# [Your task]
If pictures appear among the lines below, leave them out while you return exactly the lines from the one with "The Ordinary. Ascorbyl" through the one with "Geox Boys Sz".

# [Records provided]

+--

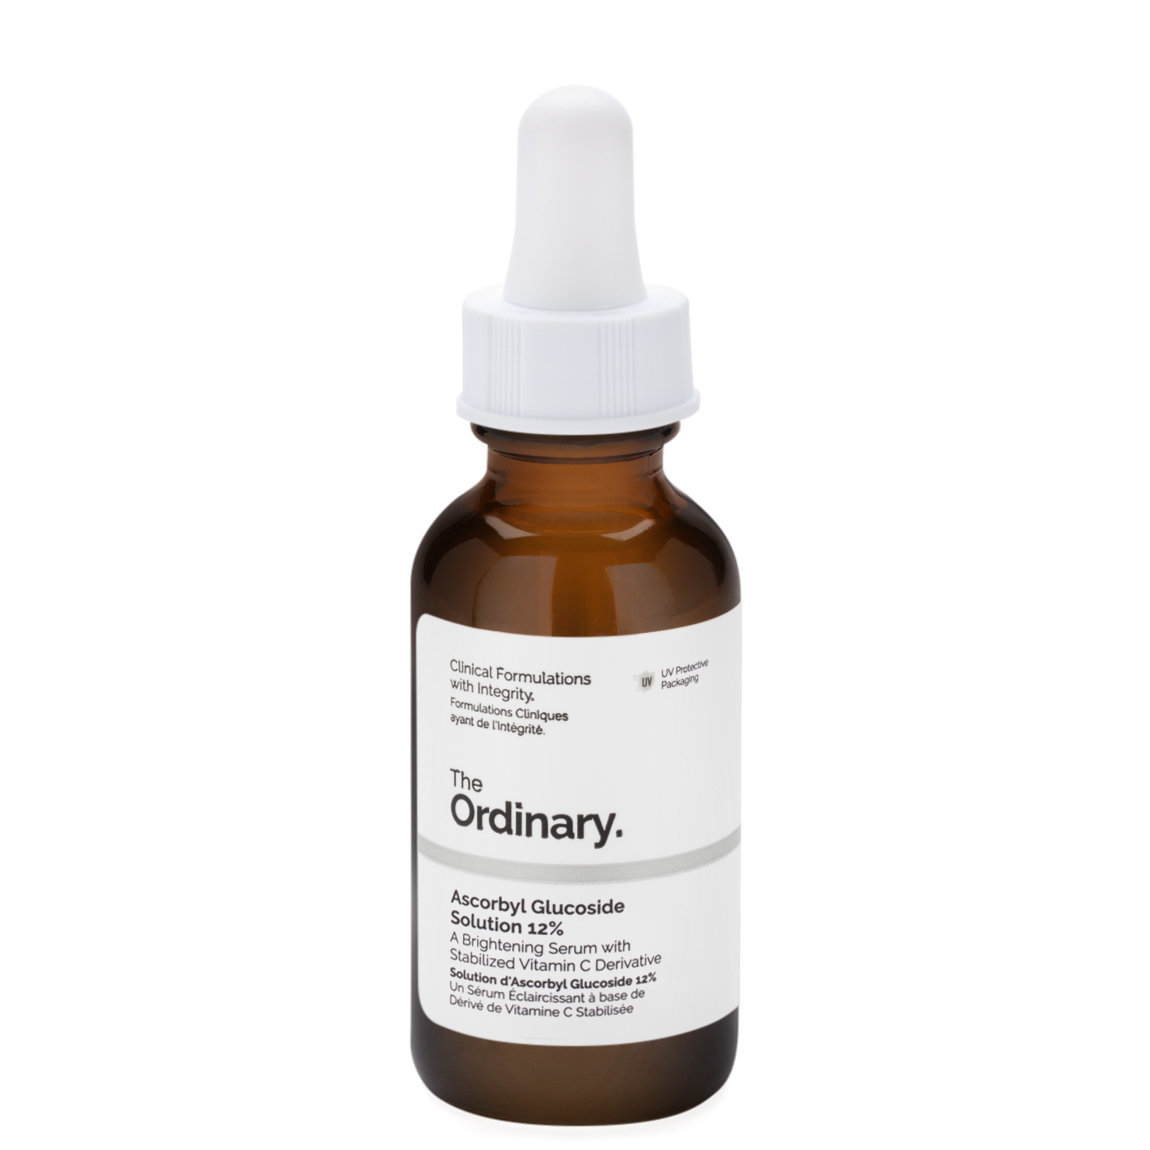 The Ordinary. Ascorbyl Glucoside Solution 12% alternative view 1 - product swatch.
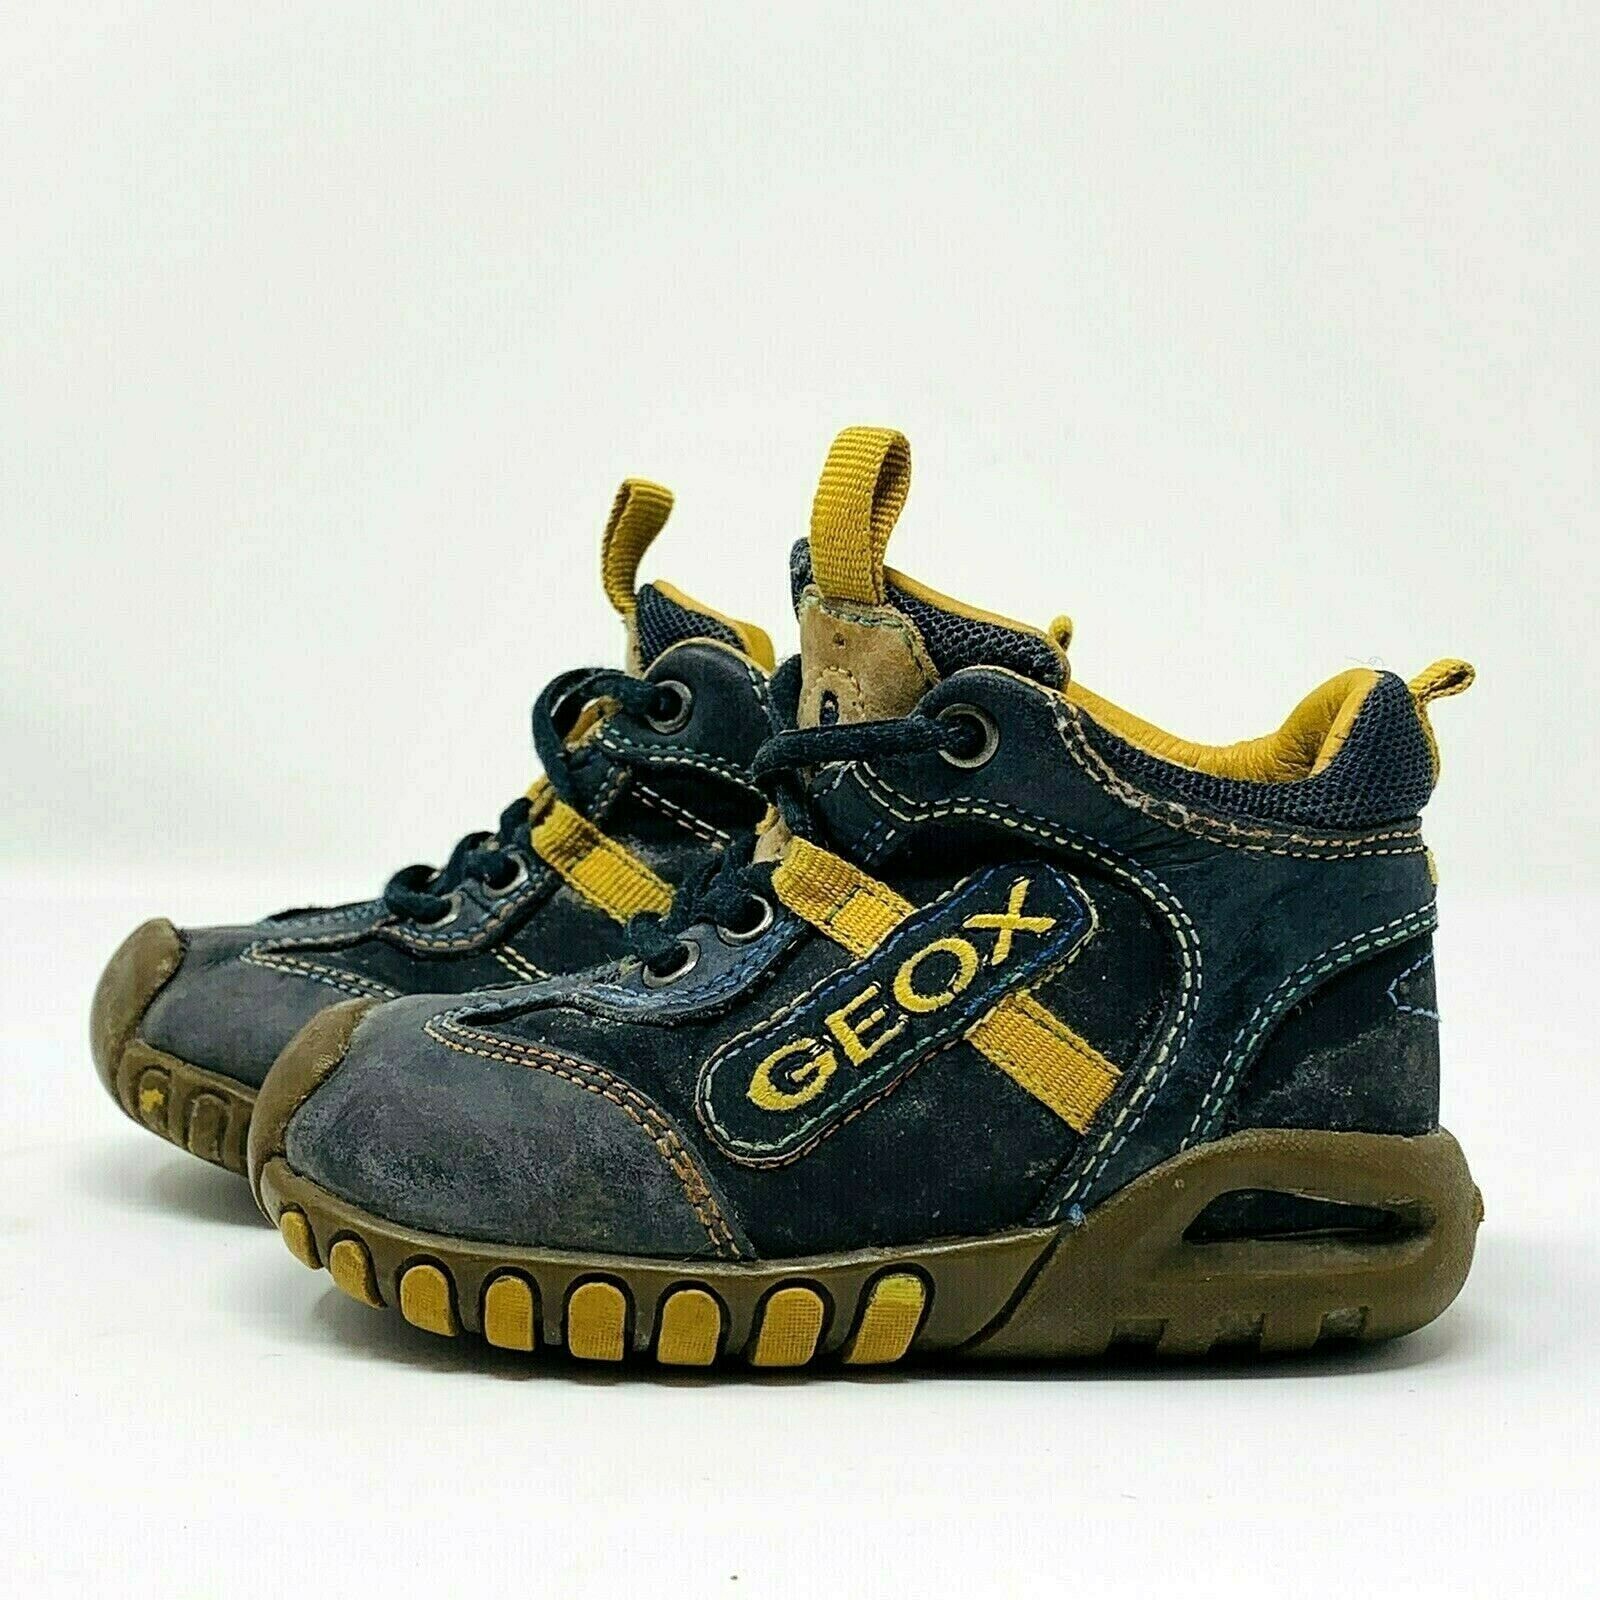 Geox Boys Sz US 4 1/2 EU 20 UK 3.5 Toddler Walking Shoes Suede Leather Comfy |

+--

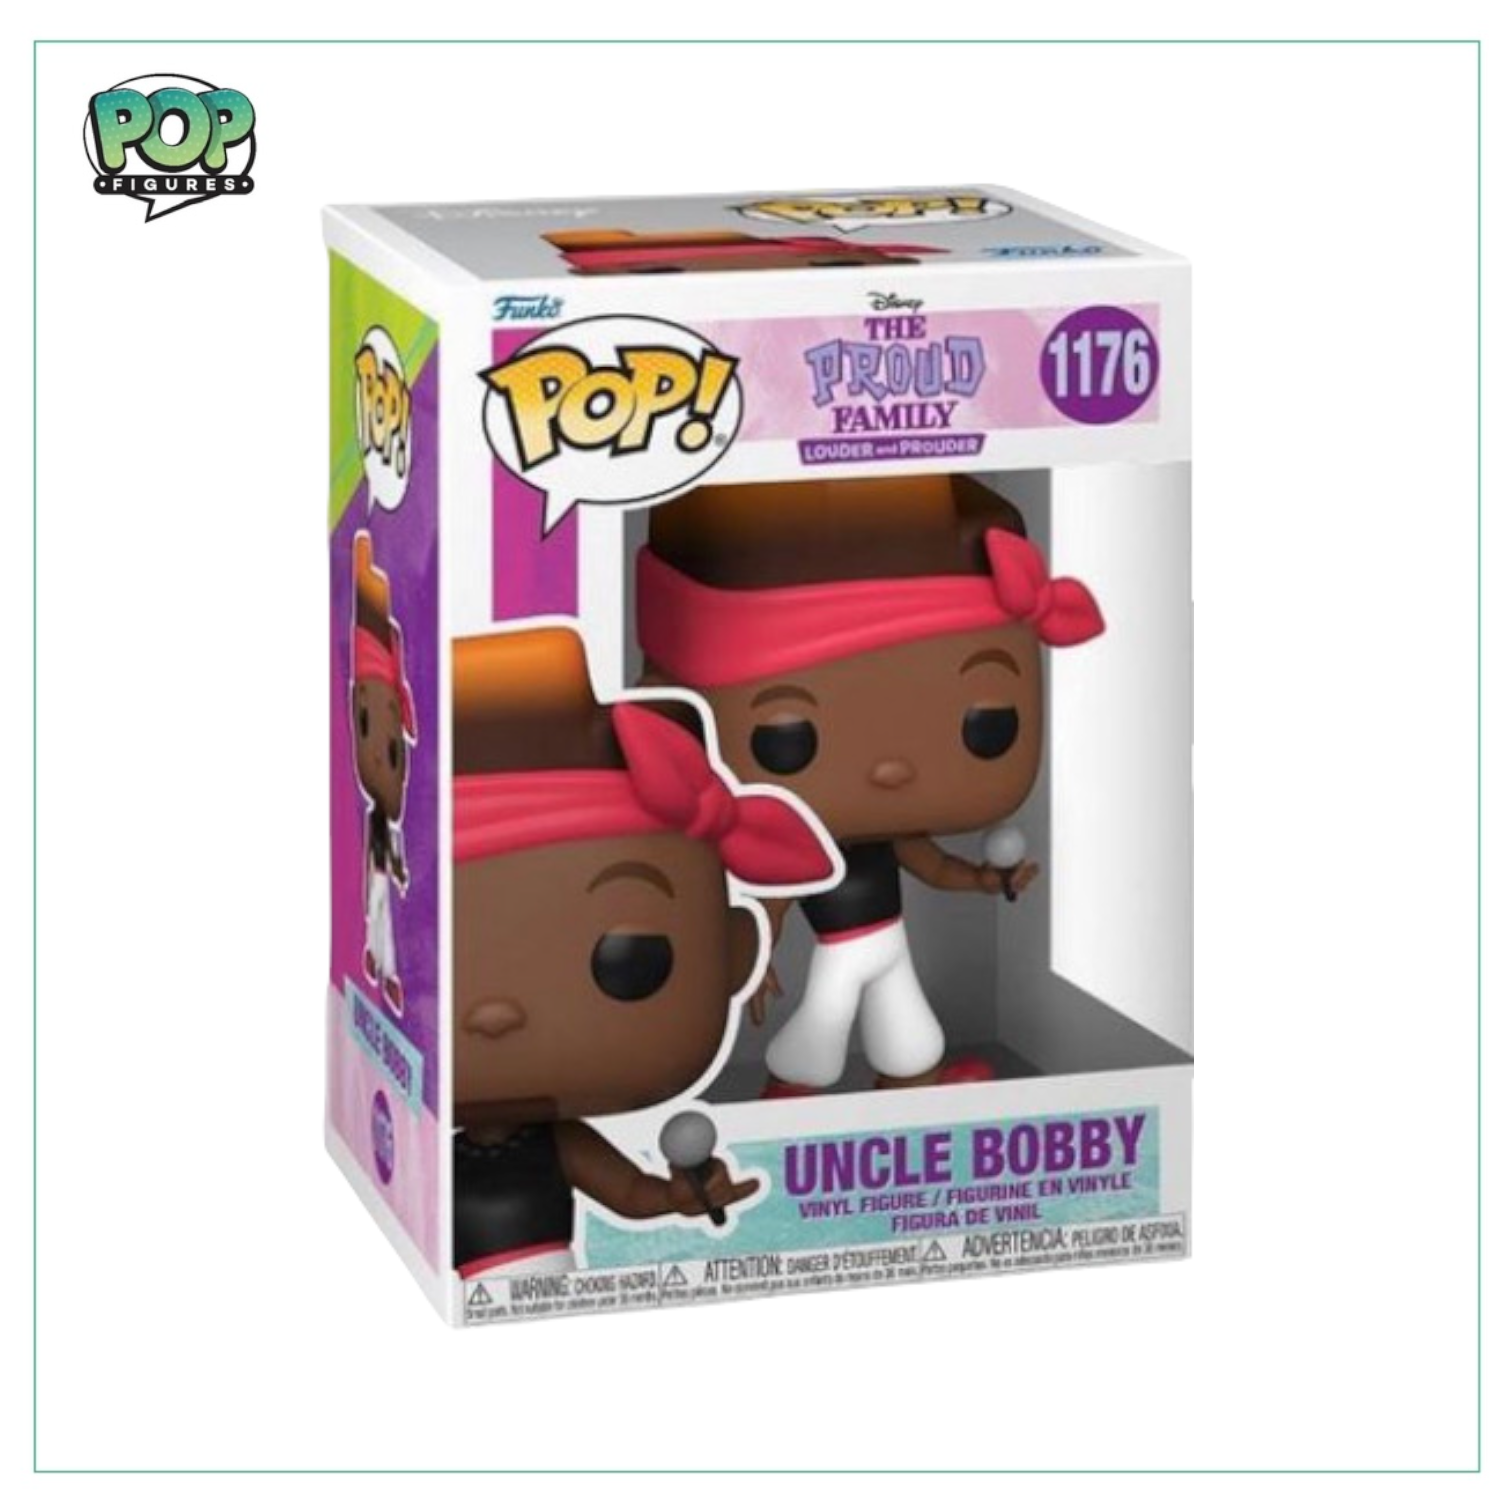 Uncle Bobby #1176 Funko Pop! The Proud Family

+--

# [Response to the task]
 The Ordinary. Ascorbyl Glucoside Solution 12% alternative view 1 - product swatch.
 Geox Boys Sz US 4 1/2 EU 20 UK 3.5 Toddler Walking Shoes Suede Leather Comfy |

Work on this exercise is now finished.